Young was, in his own words, “politically naive” at the start of the process of setting up the West London Free School. “There is a group of parents who have successfully set up a voluntary aided, maintained school in Barnet in north London. They embarked on the process in 2000. The school is opening in September. It has taken them 10 years. I went along with my steering group to talk to them about their experiences.”

And their thoughts on his plans to have his free school up and running by September 2011? “That it’s wildly optimistic,” he admits. “They said if we could do it in five years, that would be incredibly impressive.” But he still thinks there is “a 60% chance” his school can open by 2011. That’s a bullish comment when Young and his 20-strong steering group of teachers and architects are still without a site or a building.

“The site is by far the hardest piece of the puzzle,” says Young. “We found a fantastic one. An unused secondary school in Little Ealing. We discovered that it was owned by the Saudi embassy. We made a formal offer to to lease for between 25 and 50 years. That was in April and our request was sent on to Riyadh for consideration. Since then, nothing.

“It’s another example of trying to do something too differently to how it’s ever been done before. You have to go with the grain, not against it, if you want people to go along with you.”

There have been various plans B and C, of course, though most of these alternative building options have fallen by the wayside, thanks to the sheer amount of red tape in dealing with councils. Young says there are three main problems when it comes to leasing an existing building: planning, regulation and financing. He acknowledges the government is making moves to address the first, but the second two problems are, in many cases, insurmountable: “The government has yet to get its head around the issues associated with financing and I don’t think it will until after the public spending review,” he says. “A lot of my energy in the past year has been spent trying to figure out how to finance a 25-year lease of an existing building and how to finance the refurbishment of that building so it’s suitable for use as a school.

“The conclusion I have come to is that if you can persuade a local authority to give you a building, that’s a fuck of a lot easier. And that in itself is not easy.”

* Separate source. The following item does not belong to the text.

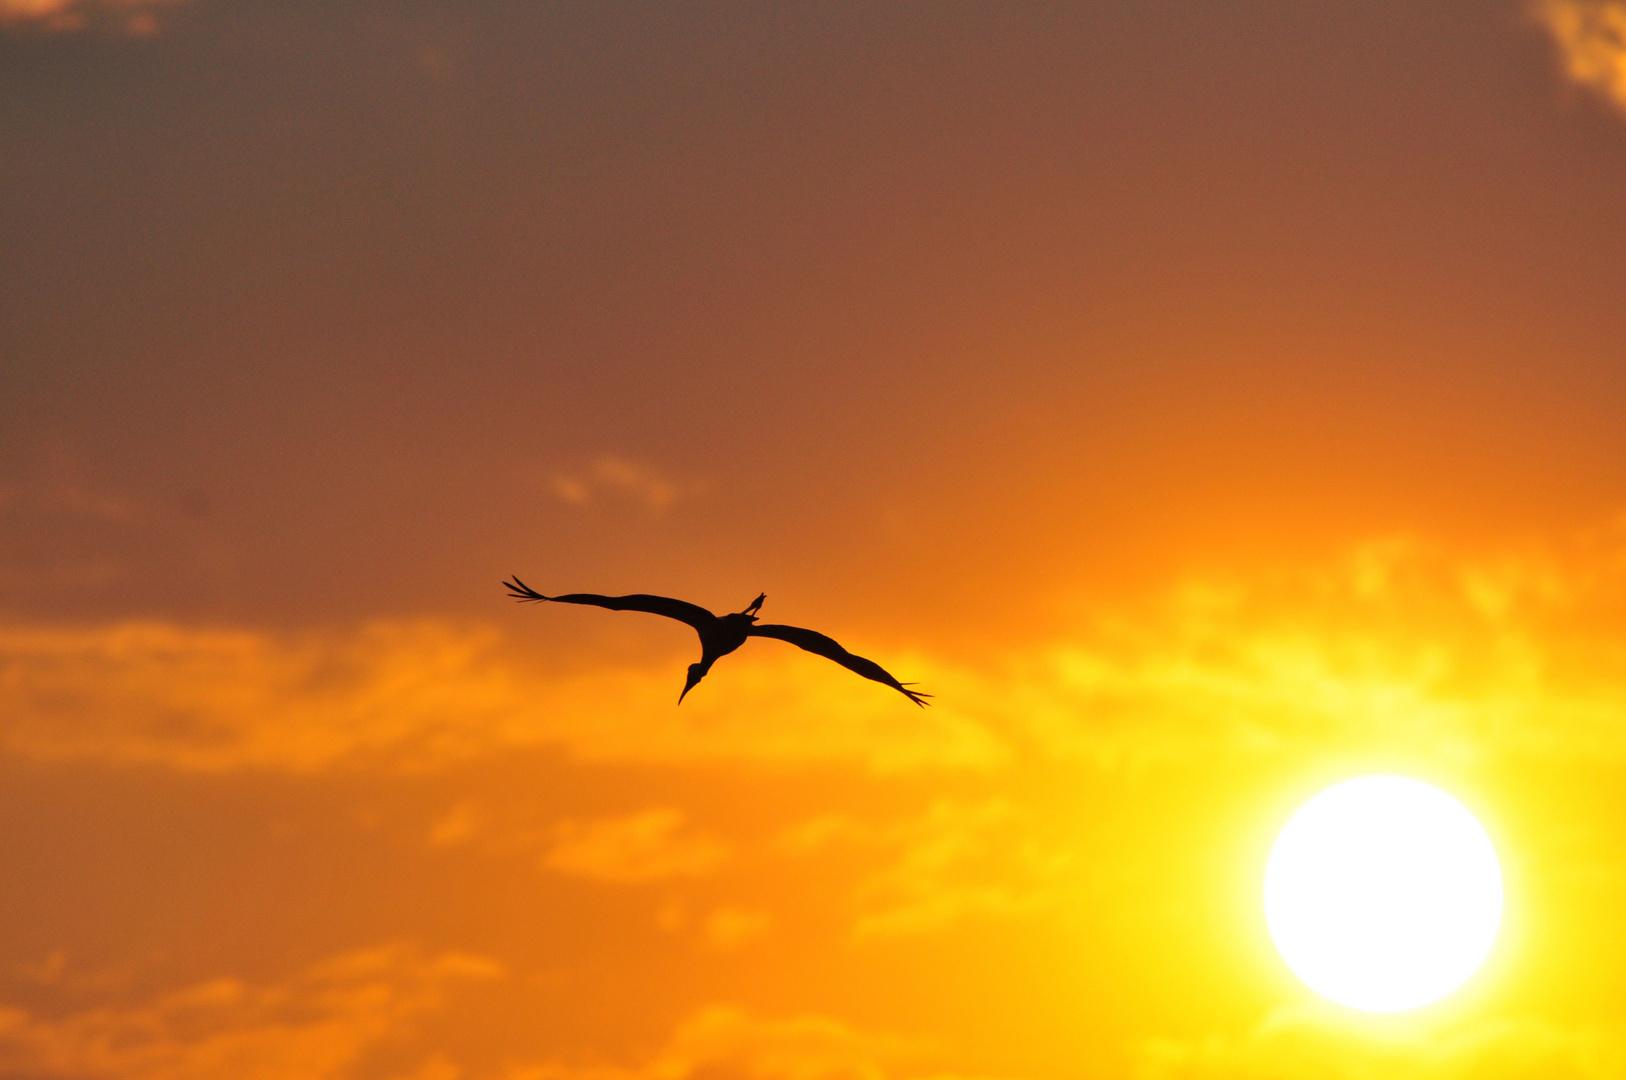 Der Flug des Reihers

He thinks, though, that as long as he gets some premises, the building itself is not worth worrying much about. Certainly not to the degree that architects and contractors would think. “Architects have perpetuated the myth that academic attainment is crucially dependent on the building that the school is in, and there is just no empirical evidence,” he says. “Academic attainment is almost wholly independent of the type of building a school is in. I have so many examples of successful schools in unusual buildings - I went to one in the US which is the most successful secondary school in the east Los Angeles district. It’s an old department store.

“And the experience in Sweden has been that there is almost no relationship between the quality of the school and the quality of the building. There has been a lot of guff talked by the teaching unions about the appalling prospect of opening schools above off-licences and suchlike.

But a school above an off-licence can be 10 times better than a school that is in a state-of-the-art Frank Gehry-designed building. And that’s the truth.”

Toby Young’s school report

What grades did you get? I was a grade shite student. I failed all my O levels apart from English Lit and Drama. I retook and got three Cs. From the age of 11-16 I was a poor student.

What were you doing instead? Bunking off and smoking pot. I certainly wasn’t doing my homework.

What was your favourite subject? Politics.

What was your least favourite subject? Probably politics.